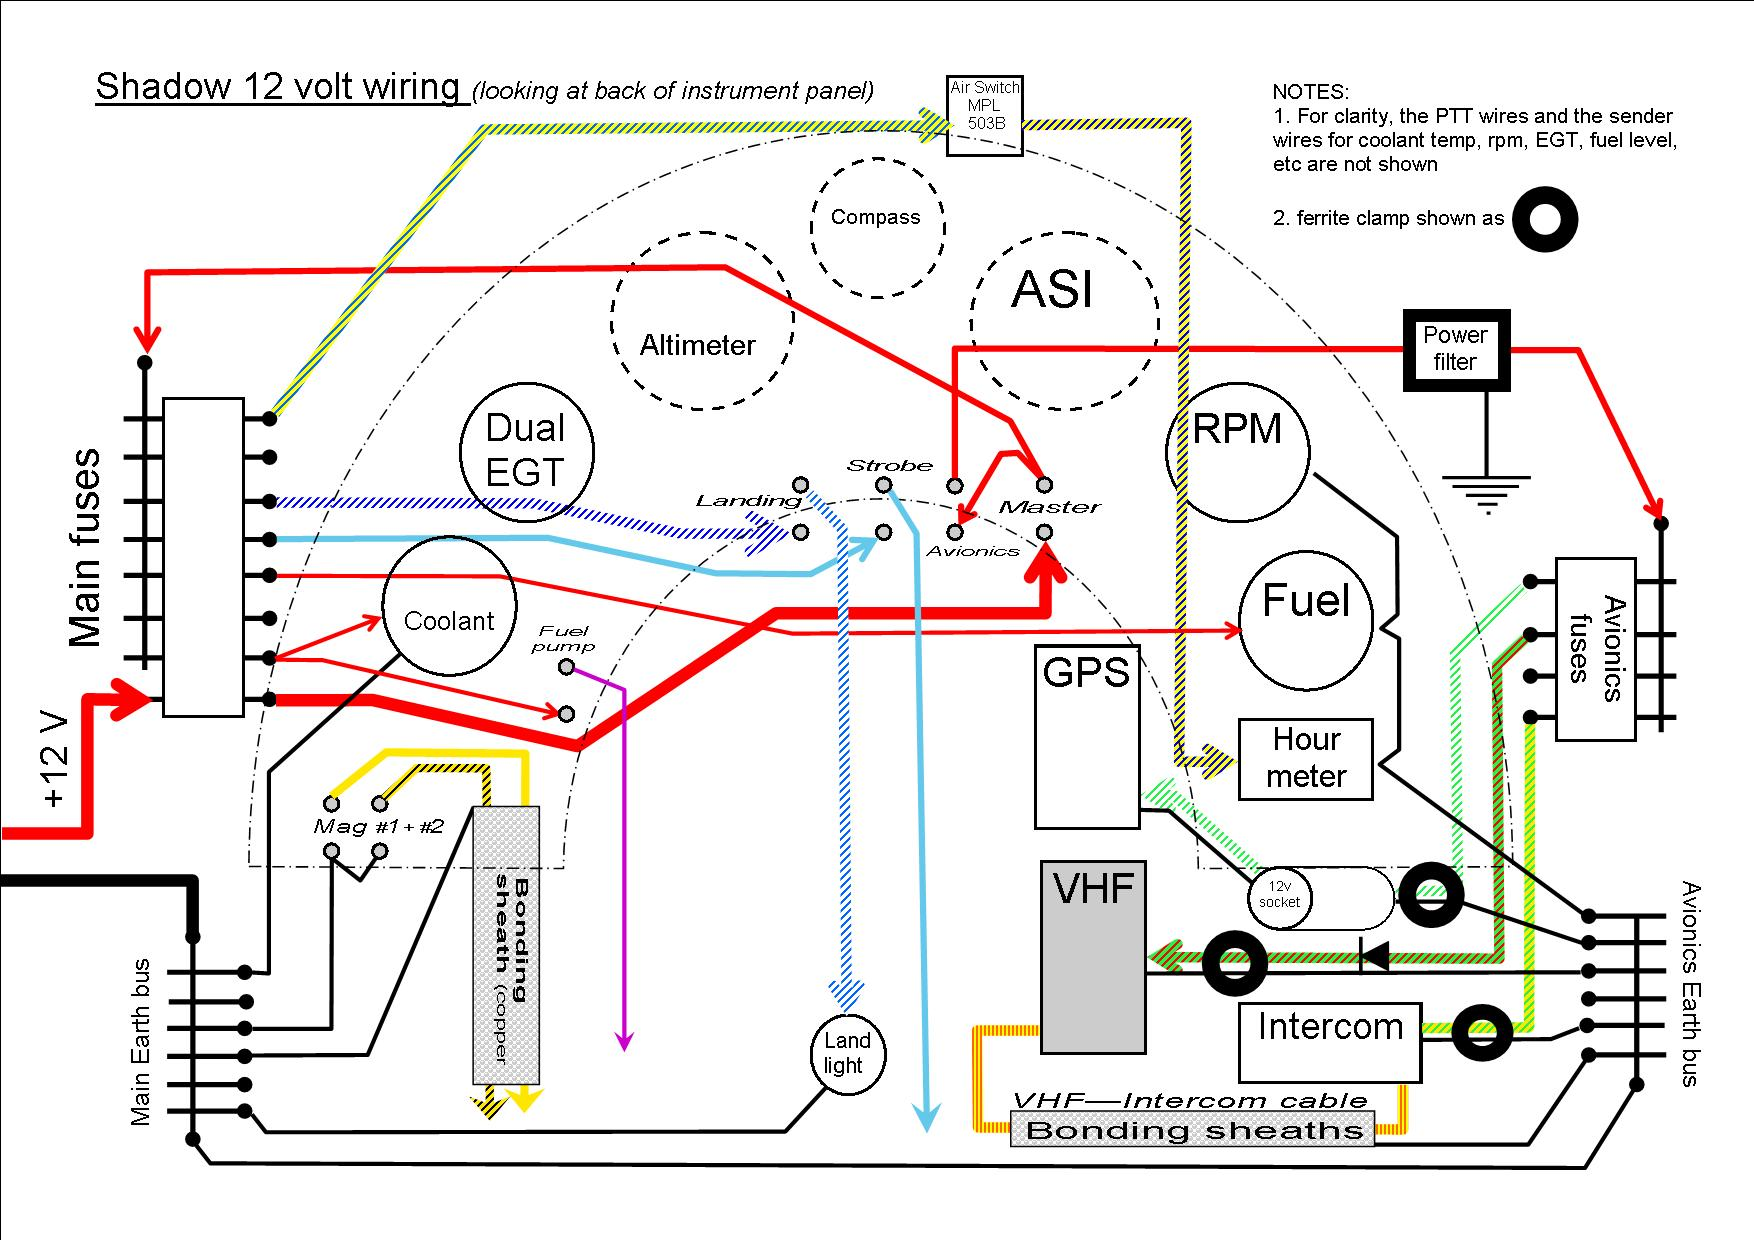 [DIAGRAM_38IU]  Rotax Ignition Points Wiring Diagram Free Download - Wiring Diagrams | Rotax 912 Engine Diagram |  | karox.fr
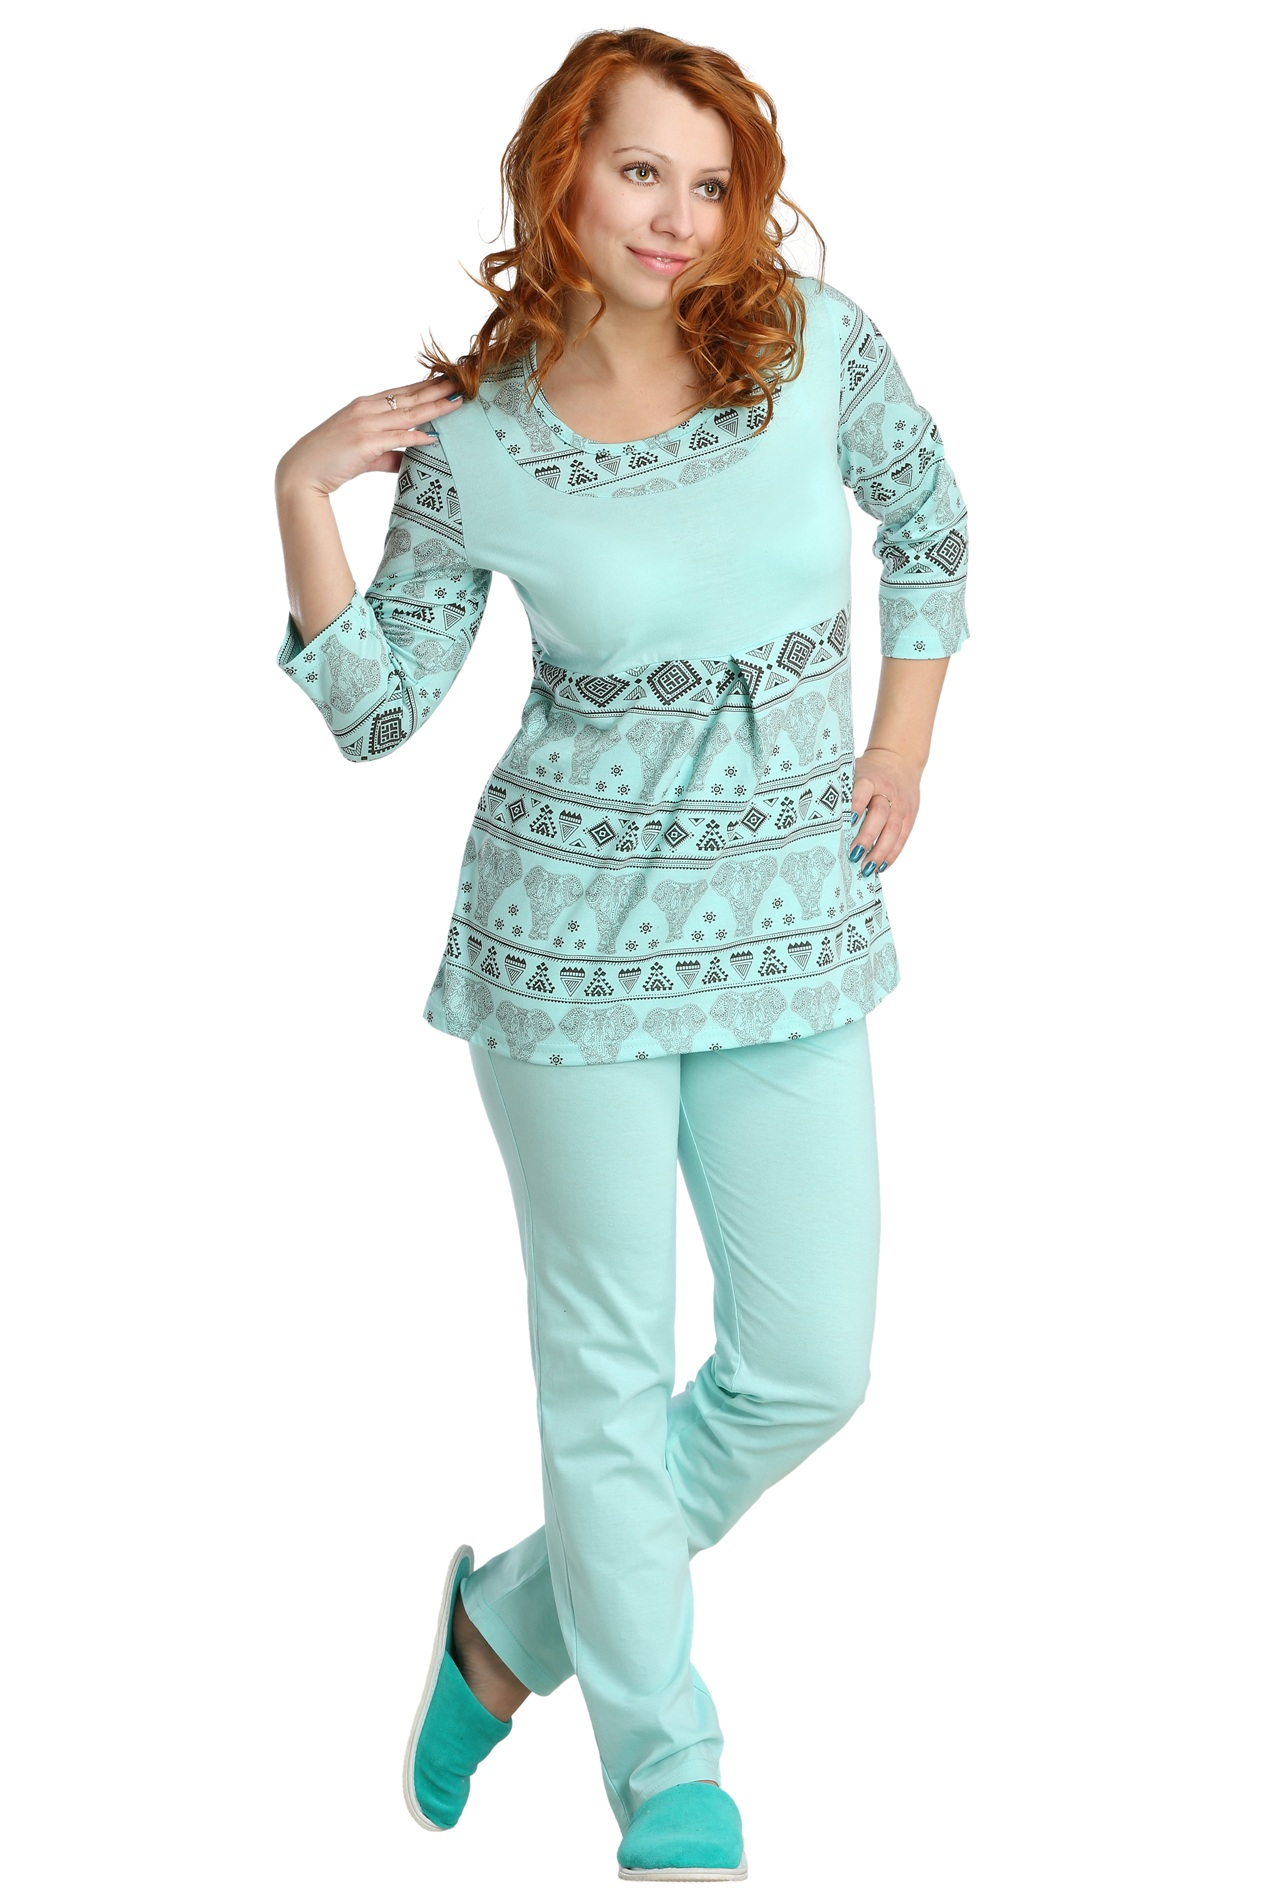 Жен. пижама арт. 16-0087 Ментол р. 44 пижама жен mia cara майка шорты botanical aw15 ubl lst 264 р 42 44 1119503
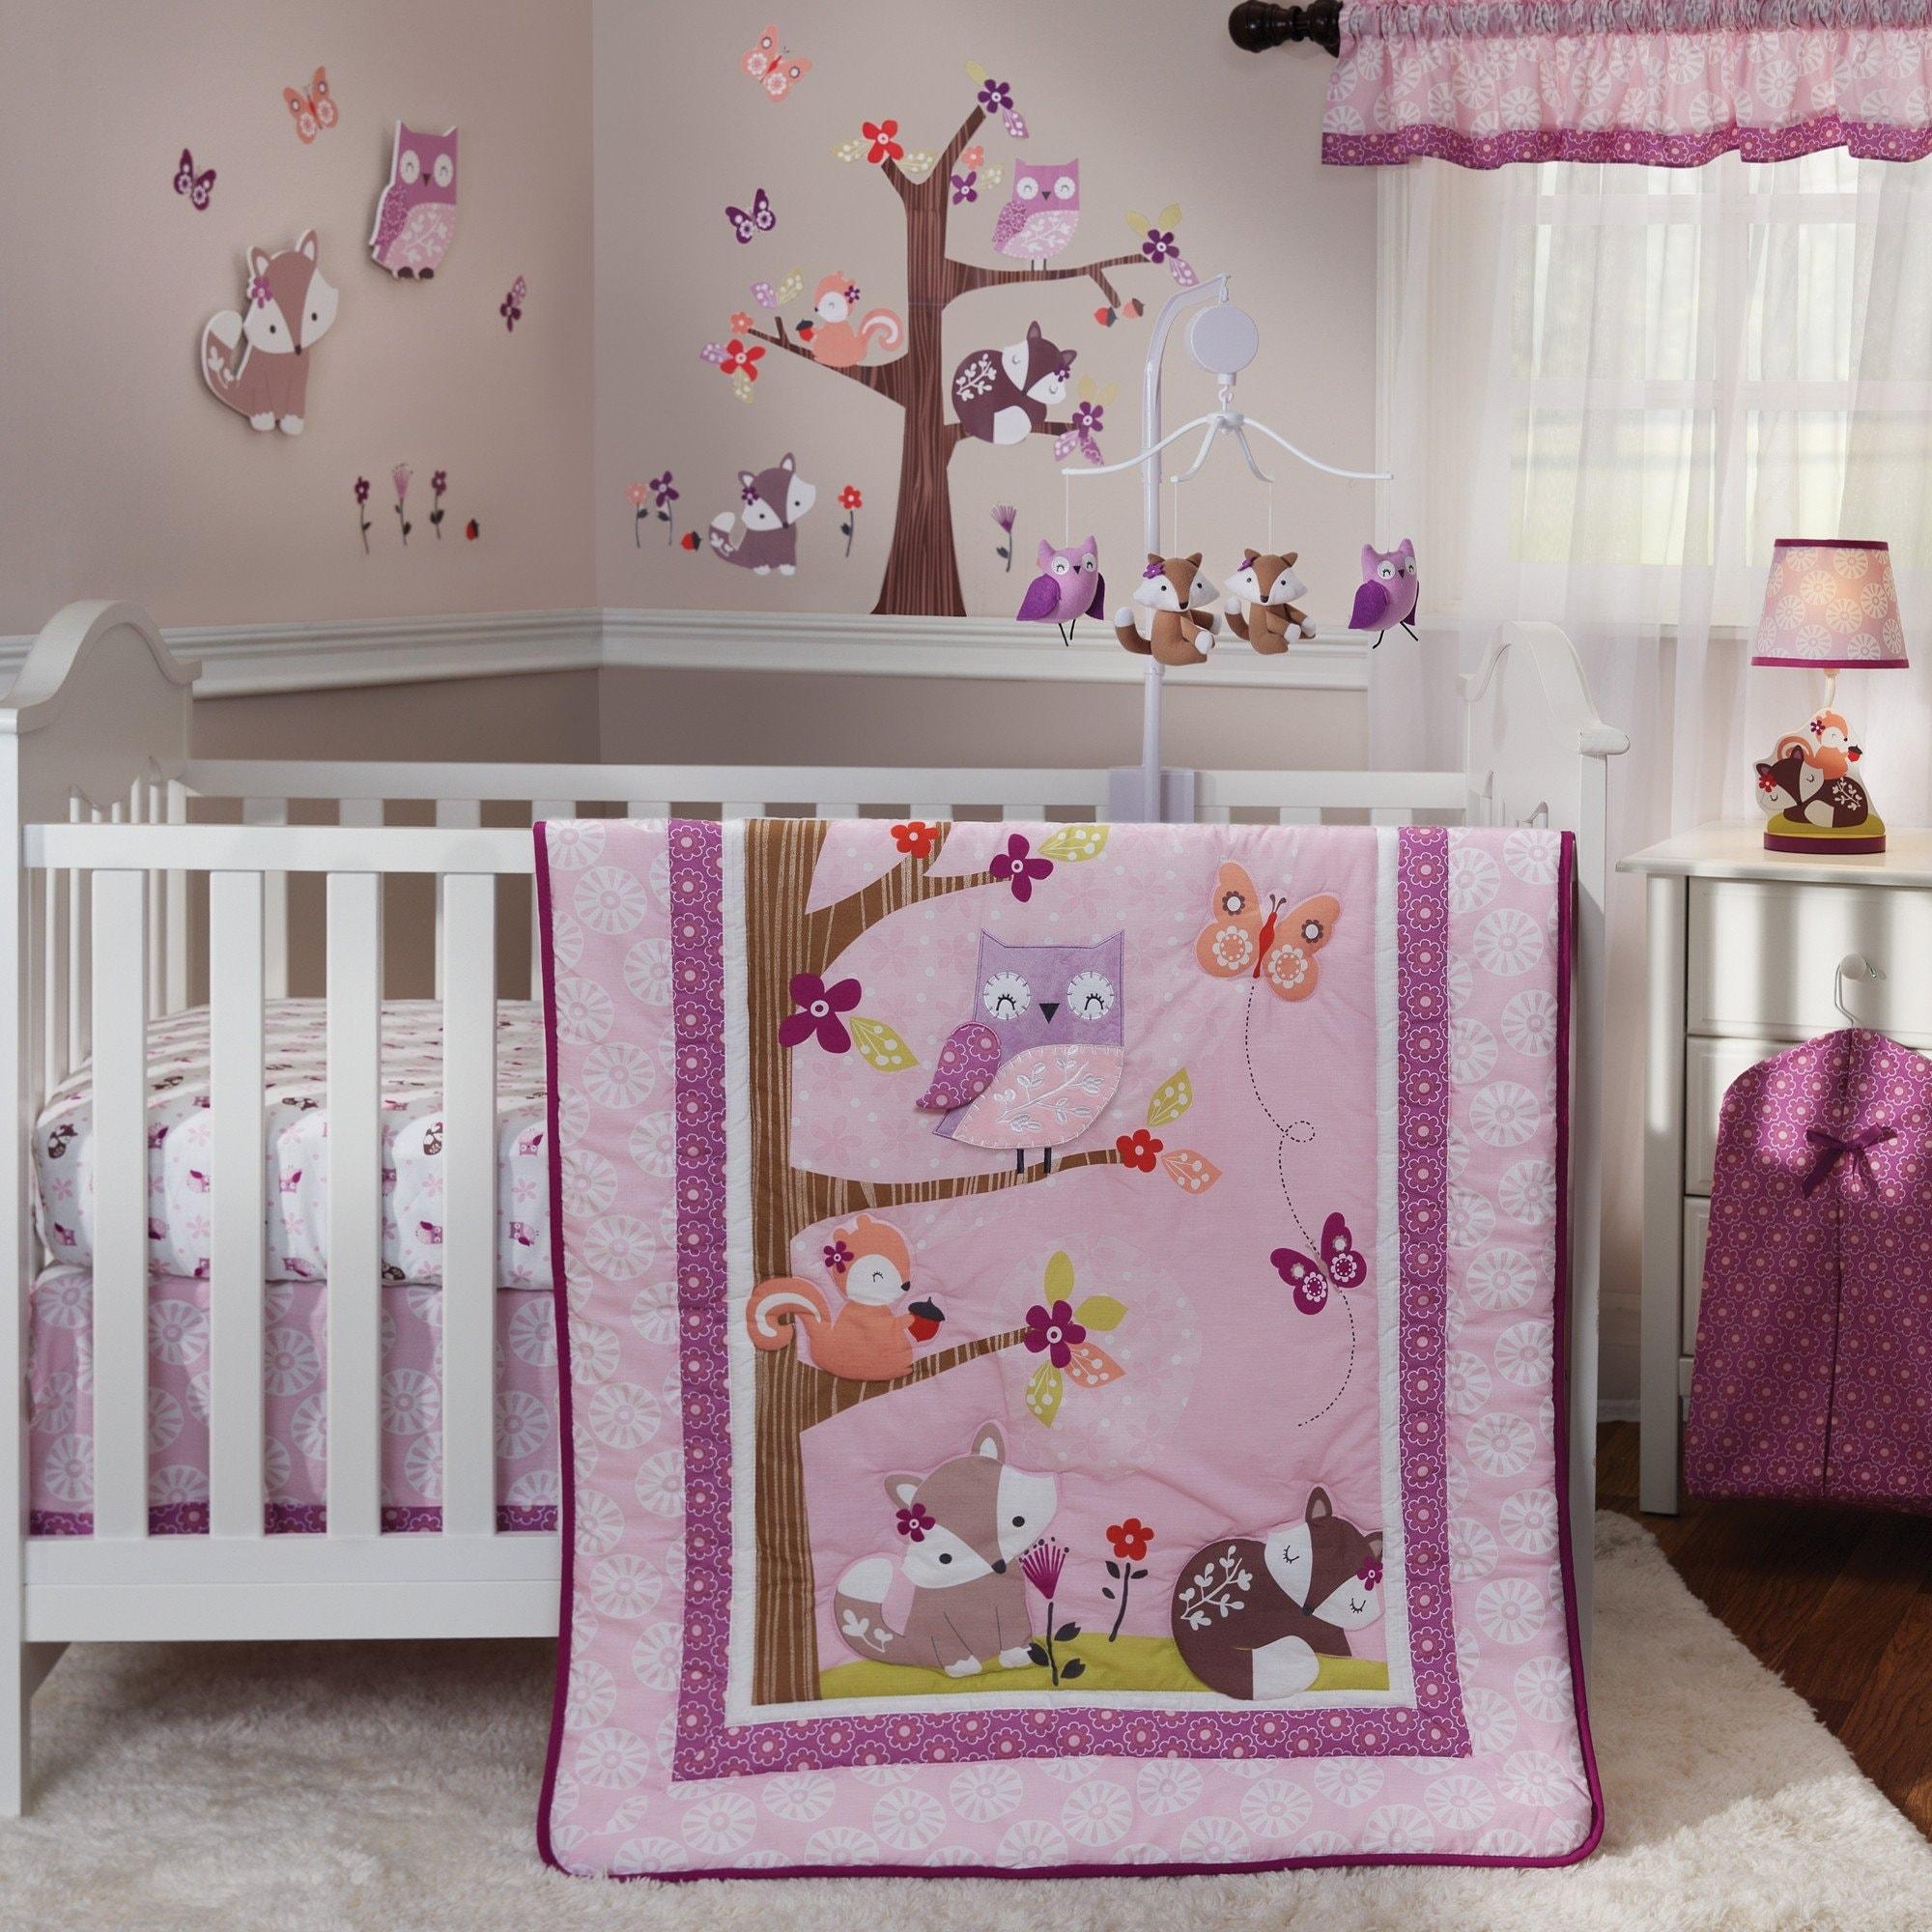 Bedtime Originals Lavender Woods Purple Woodland Animal 3 Piece Baby Nursery Crib Bedding Set

## Problem to work on
Could you copy each line above exactly as written, minus any pictures?

## Exercise response
 [DIAGRAM_38IU]  Rotax Ignition Points Wiring Diagram Free Download - Wiring Diagrams | Rotax 912 Engine Diagram |  | karox.fr
 Жен. пижама арт. 16-0087 Ментол р. 44 пижама жен mia cara майка шорты botanical aw15 ubl lst 264 р 42 44 1119503
 Bedtime Originals Lavender Woods Purple Woodland Animal 3 Piece Baby Nursery Crib Bedding Set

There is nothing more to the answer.